GOP extremism is a demand-side problem

Democratic ads don’t explain why the GOP is nominating conspiracy theorists

Dan Cox

Citation Andrea Austria / Media Matters

Democratic Party groups have intervened in several Republican Party primary races this cycle by running ads which describe particular candidates as Trumpists who are too extreme for their states. When those candidates win, journalists and right-wing pundits point to the Democratic spending and suggest that it shows the party is not serious in its warnings that such candidates pose a threat to democracy.

I don’t think it is wise for Democrats to spend money this way. But reporters are missing a key aspect of the story: To the extent that the Democratic ads are working, it is because given the opportunity, the Republican base wants to nominate illiberal, antidemocratic candidates. The GOP’s extremism is a demand-side problem.

Take Tuesday’s Maryland gubernatorial primary. Larry Hogan, a Republican Trump critic, had governed the blue state for eight years. Facing term limits, he supported as his successor Kelly Schulz, who had served as commerce secretary and labor secretary in his administration. Schulz’s opponent was state Del. Dan Cox, a QAnon adherent and election conspiracy theorist who described former Vice President Mike Pence as a “traitor” for refusing to subvert the 2020 presidential election on Donald Trump’s behalf. Trump endorsed Cox in November; the next day, Hogan described the candidate as a “wackjob.” 

It was clear early in the race that a Trump-backed “wackjob” was exactly who Maryland Republicans wanted. In February, the Democratic Governors Association released a poll showing Cox with an 8-point lead over Schulz. The group spent roughly $1.2 million over the following months running ads about his candidacy, which CNN reported were “intended to boost Republican support for Cox but diminish his standing among moderates headed into November’s general.”

Here’s what the ad said:

NARRATOR: Meet Dan Cox, Donald Trump's hand-picked candidate for Maryland governor. Cox worked with Trump trying to prove the last election was a fraud. One-hundred percent pro-life, he's fighting to end abortion in Maryland and Cox will protect the Second Amendment at all costs, refusing to support any federal restrictions on guns, even pushing to put armed guards in every school. Dan Cox: Too close to Trump, too conservative for Maryland.

On Tuesday, Cox won the Republican primary by 16 points. 

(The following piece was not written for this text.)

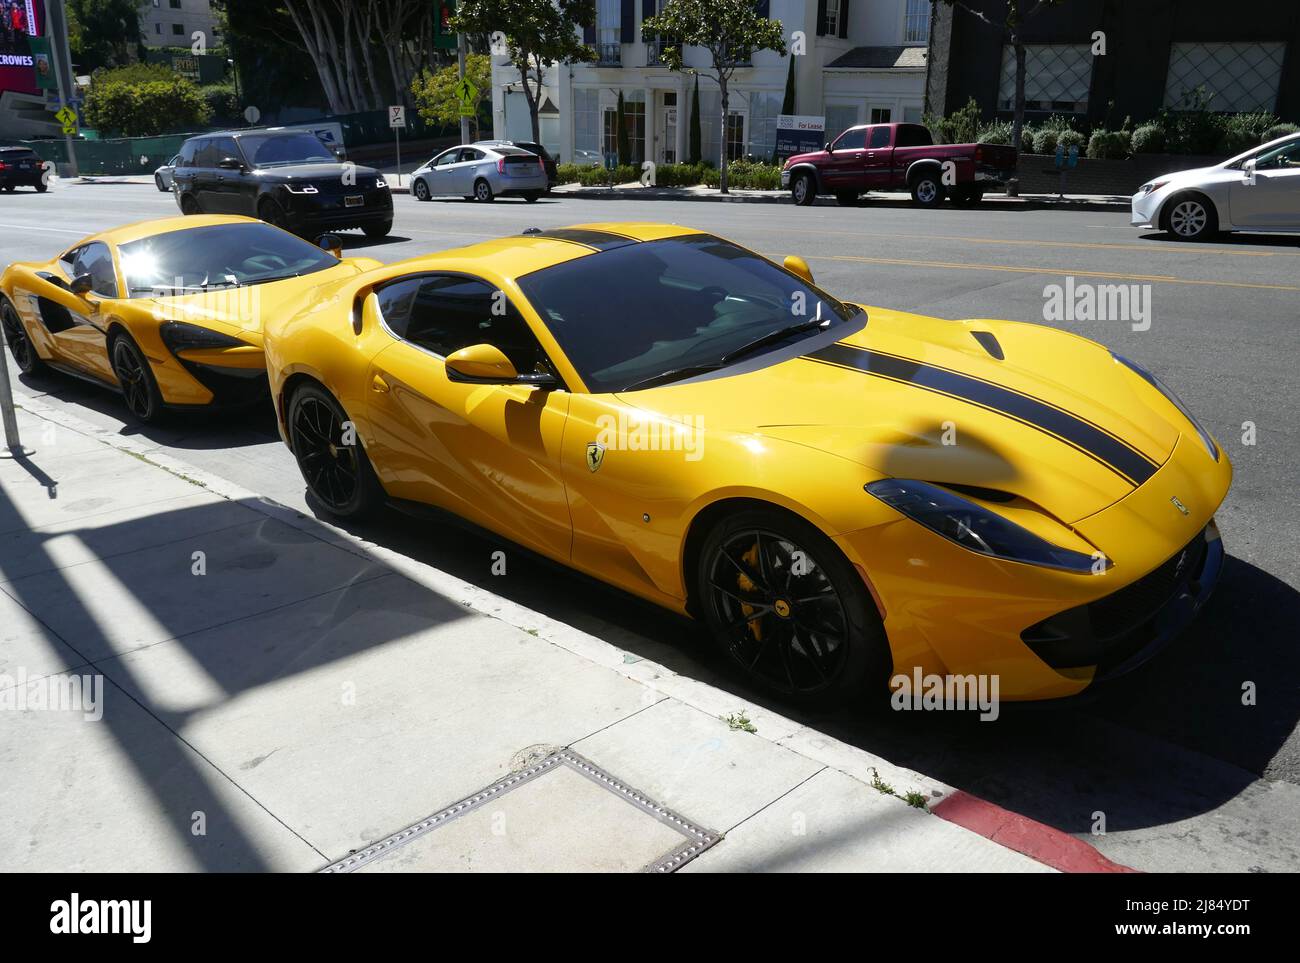 Los Angeles, California, USA 12th May 2022 A general view of atmosphere of Yellow McLaren and Yellow Ferrari on Sunset Blvd on May 12, 2022 in Los Angeles, California, USA. Photo by Barry King/Alamy Stock Photo Stock Photo

Is the reason that the Trump-endorsed extremist won by a landslide that Democrats ran ads calling him a Trump-endorsed extremist? That gives too much credit to the DGA – and too little blame to the Republican base. Trump-backed election deniers are winning GOP primaries in races across the country, regardless of whether the Democratic Party gets involved. 

The explanation for what happened on Tuesday is simple: Cox won by a landslide because Maryland’s Republican voters wanted to support a Trump-endorsed extremist. And the GOP will cease to be the party of election deniers and conspiracy theorists whenever its base decides that they would rather it be something else.